I can already hear these sissies moaning and complaining: “What?! Kick them out? Exclude them? Have nothing to do with them? John, how can you be so unloving and exclusive and judgmental? We must love and accept everyone.” Stott again speaks directly to this:

But are we to suppose that John was divided against himself? This instruction is given by the apostle of love immediately following an exhortation to love (6). Did John first insist on the commandment of love then immediately break it himself? Besides, we are not ‘at liberty to set aside direct ethical injunctions of the Lord’s Apostles in this manner’ (Alford).

And the idea of not having fellowship with false teachers or unrepentant brethren is of course taught throughout the New Testament. We just like to ignore such passages, or pretend that they are for an ‘earlier, harsher time’. Here are just some of the strong words on such biblical separation and expulsion:

-Romans 16:17 I urge you, brothers, to watch out for those who cause divisions and put obstacles in your way that are contrary to the teaching you have learned.
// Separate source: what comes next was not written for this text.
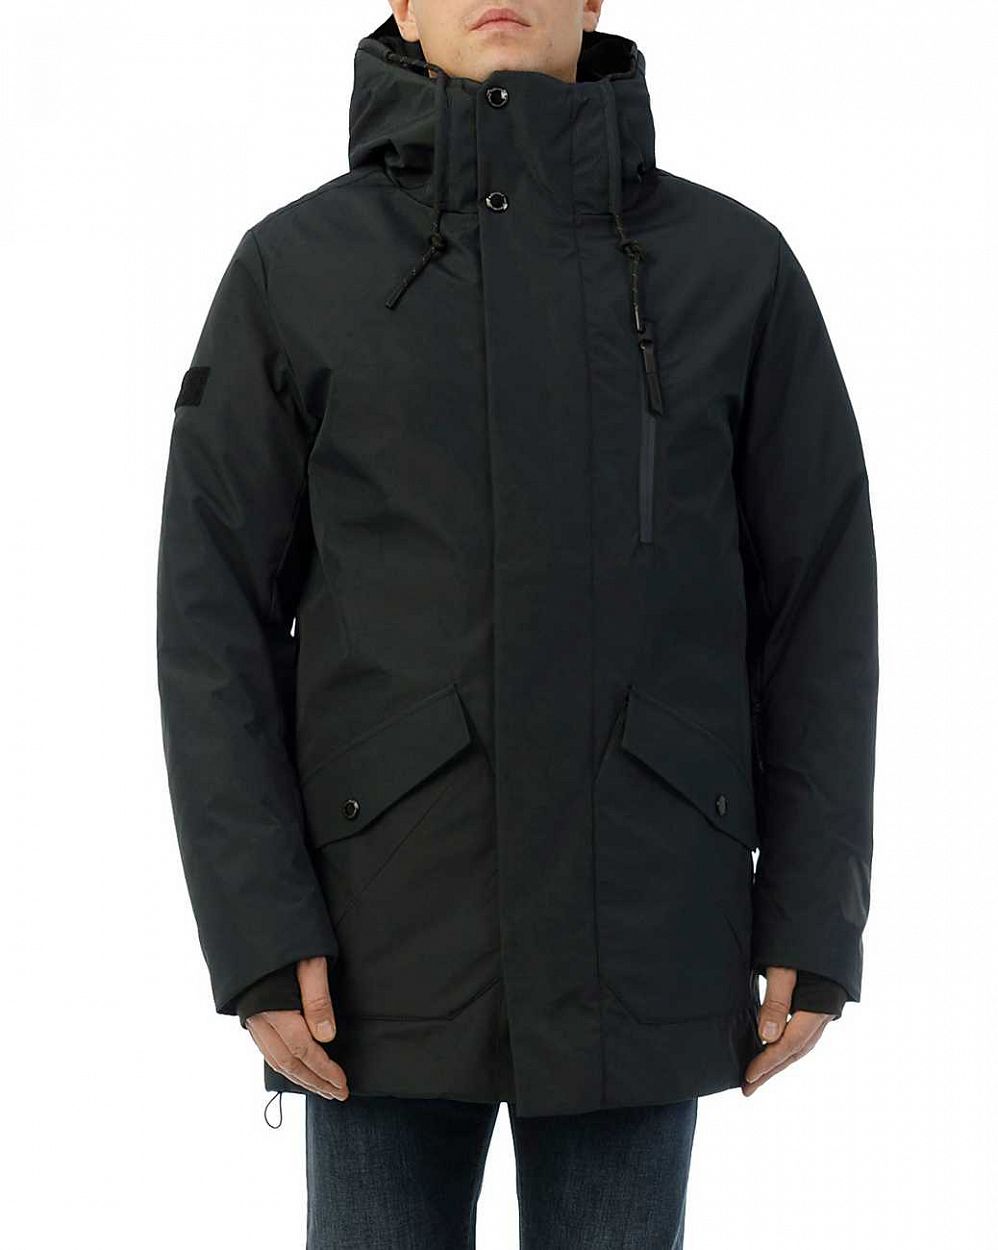 Куртка мужская зимняя водонепроницаемая на мембране Loading Reloaded 182 Blue Graphit отзывы

Keep away from them.
-1 Corinthians 5:11 But now I am writing you that you must not associate with anyone who calls himself a brother but is sexually immoral or greedy, an idolater or a slanderer, a drunkard or a swindler. With such a man do not even eat.
-2 Thessalonians 3:6 In the name of the Lord Jesus Christ, we command you, brothers and sisters, to keep away from every believer who is idle and disruptive and does not live according to the teaching you received from us
-2 Thessalonians 3:14 Take special note of anyone who does not obey our instruction in this letter. Do not associate with them, in order that they may feel ashamed.
-2 Timothy 3:1-5 But mark this: There will be terrible times in the last days. People will be lovers of themselves, lovers of money, boastful, proud, abusive, disobedient to their parents, ungrateful, unholy, without love, unforgiving, slanderous, without self-control, brutal, not lovers of the good, treacherous, rash, conceited, lovers of pleasure rather than lovers of God–having a form of godliness but denying its power. Have nothing to do with them.
-Titus 3:9-10 But avoid foolish controversies and genealogies and arguments and quarrels about the law, because these are unprofitable and useless. Warn a divisive person once, and then warn him a second time. After that, have nothing to do with him.
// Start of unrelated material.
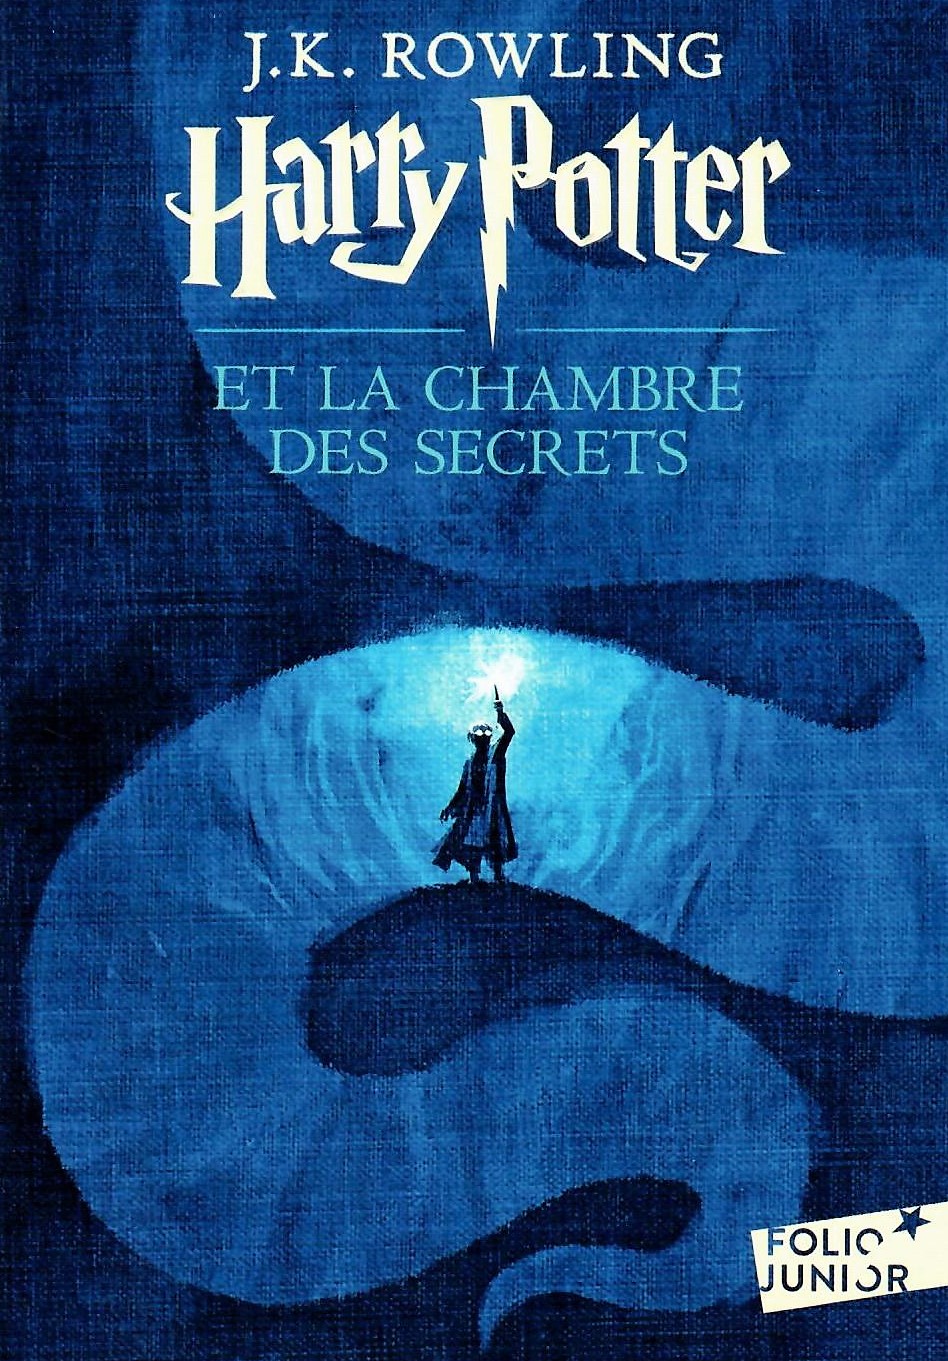 Harry Potter et la Chambre des Secrets (2017) / Тайная комната

Of course the aim of all church discipline, including excommunication, is to restore the wayward brother, if possible. But until repentance and a changed life or corrected teaching is in evidence, this exclusion zone must stand. It is not unloving at all to do this.

Indeed, it is the height of Christian love to prevent dangerous doctrines from contaminating the whole body, and it is most loving to expel the errant brother until he returns to right living and right doctrine. To not do so is to indicate a lack of love and concern, not only for the wayward brother, but for the very truth of God.

In an age of sissified Christianity, it is time to go back to the Bible. There we find stern words, hard words, strong words, words of rebuke, and words of correction. But they are vitally important words – words which we all desperately need to hear.

Give me a masculine Christianity any day of the week to the sissy faith we see on display all throughout the West. A girlie man faith will save no one. But a solidly biblical one will. I know which one I will run with.